Rozdział 3

23 7 0
                                    

Alice

Siedziałam na ławeczce, beznamiętnie wpatrując się w małego chłopczyka, który przyszedł z mamą pobawić się w piaskownicy. Nie mogłam oderwać wzroku od ich uśmiechów. Wyobraziłam sobie, że to ja i mama bawimy się razem w piaskownicy kilka lat temu, kiedy byłam jeszcze mała, a problemy nie doskwierały mi na każdym kroku. Miałam ochotę teraz wtulić się w kogoś i poczuć ciepło bliskiej mi osoby. Chciałabym w końcu potrafić uwierzyć, że będzie wszystko dobrze i, że kiedyś znów będę szczęśliwa, tak jak dawniej.

Nawet nie zauważyłam kiedy łza pociekła po moim zimnym policzku. Starałam się jakoś oderwać wzrok od mamy i dziecka, lecz nie mogłam. Czułam ich więź, która jest silna i nigdy nic jej nie rozerwie. W tym momencie w środku wręcz błagałam o pomoc.

-Alice!

Głośny krzyk wyrwał mnie z zamyślenia. Dopiero teraz usłyszałam hałas, który dochodził z podjazdu. Spojrzałam w tamtą stronę i zobaczyłam Lewisa. Siedział na motorze i patrzył w moją stronę. Nie o taką pomoc błagałam.

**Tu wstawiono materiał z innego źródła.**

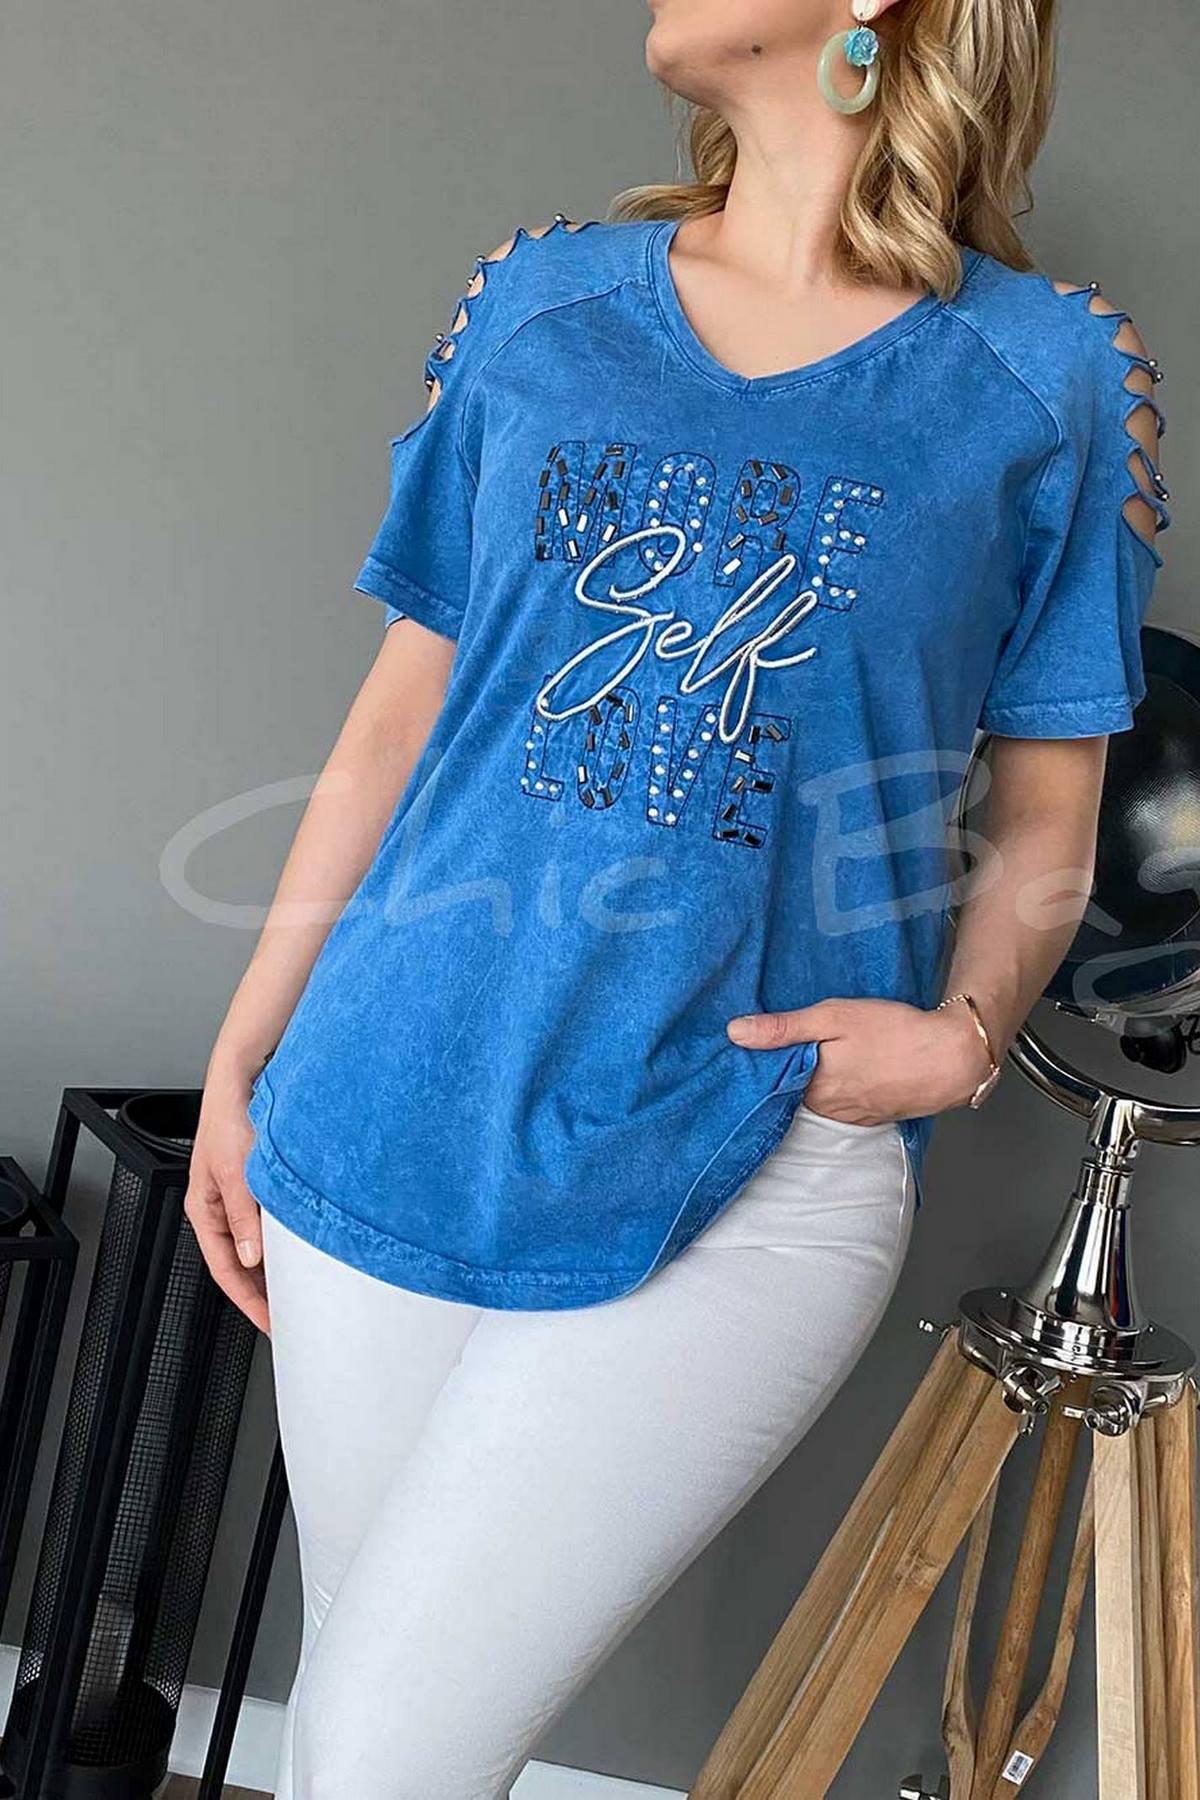 https://resim.chicbag.com.tr/p000816/mvi/more-self-love-baski-omuz-kesik-dekolteli-v-yaka-t-shirt-swns-01e08247a0ee.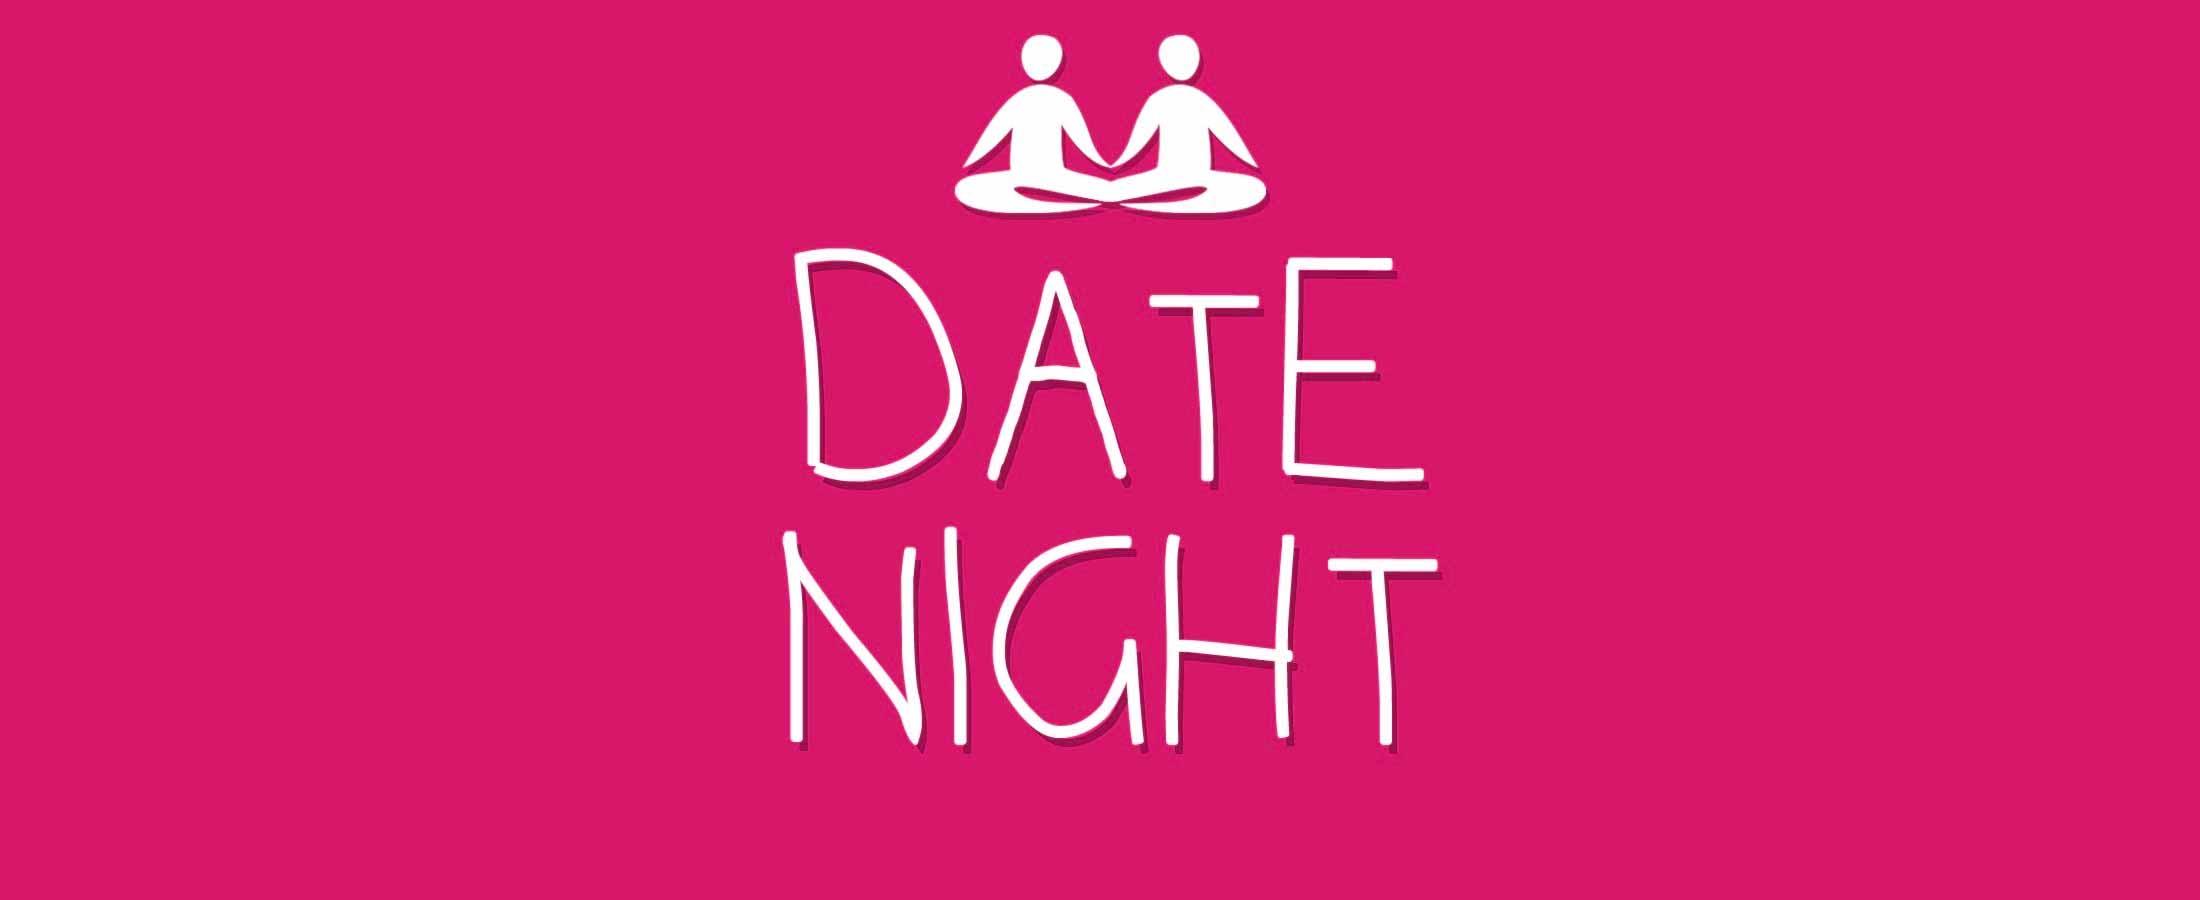 date night hot yoga markham

-Porozmawiamy?- posłał niepewny uśmiech.

-Nie martw się, nie pójdę do dyrektora i o niczym nie powiem, jeśli o to ci chodzi, nie jestem taka, a po drugie to przecież by zniszczyło twoją opinię idealnego chłopca.- powiedziałam bez jakich kolwiek emocji. W środku również czułam palącą pustkę. -Jak i również reputację Jennifer.

Podrapał się po karku i spuścił wzrok na chodnik. Zapanowała chwilowa cisza, którą po chwili znów przerwał.

-Nie chodzi o to.- zsiadł ze swojego motoru, który połyskiwał czarnym lakierem i podszedł do mnie. Wyjął zza pleców mój płaszcz i położył mi na kolanach. -Jest zimno, ubierz go.- powiedział spokojnym tonem.

-Dziękuję.- ubrałam płaszcz i natychmiastowo poczułam, jak robi mi się cieplej.

-Więc... Zgodzisz się porozmawiać z takim dypkiem jak Lewis Evans?- patrzył na mnie z nadzieją.

-A o czym ten dupek chce porozmawiać?- uniosłam brew i założyłam swoje ciemne, brązowe włosy za ucho.

-O dzisiejszym dniu.

-Jeśli chcesz mi spróbować wmówić, że Jennifer jest miła i da się z nią mądrze porozmawiać, to możesz już jechać.

Brunet zaśmiał się i przeczesał włosy dłonią.

-Obiecuję, że do tego nie dojdzie.- uśmiechnął się. -Więc jak będzie?

Przez chwilę wpatrywaliśmy się w siebie w ciszy, kiedy ja zastanawiałam się co odpowiedzieć chłopakowi. Nie wiedziałam co po nim się spodziewać, jak i po naszej rozmowie. Jednak ciekawiło mnie co chce mi powiedzieć.

-Dobrze, więc mów co masz do powiedzenia.

Lewis odwrócił się i ruszył w stronę motoru. Uniosłam brew, zdziwiona i wstałam z ławeczki.

-Co robisz?

-Chyba nie myślałaś, że będziemy rozmawiać tutaj?

-Nie do końca rozumiem.- wstałam z ławeczki i podeszłam do niego bliżej. Brunet usiadł na motorze i posłał mi delikatny uśmiech. - Że...na motorze? Nie ma mowy. Nie wsiądę z tobą na to.

-Zaufaj mi. Obiecuję, że nic ci się nie stanie.- uśmiechnął się, pokazując swoje białe zęby. -Mam dla ciebie kask. To propozycja nie do odrzucenia.

Tak właściwie to nic nie miałam do stracenia. Obejrzałam się za siebie, okazało się, że zostaliśmy sami.

-Chyba jesteś na mnie skazana.- nałożył mi kask i pomógł wsiąść na motor. Oplotłam swoje ręce wokół jego pasa, wtulając się w jego skórzaną kurtkę.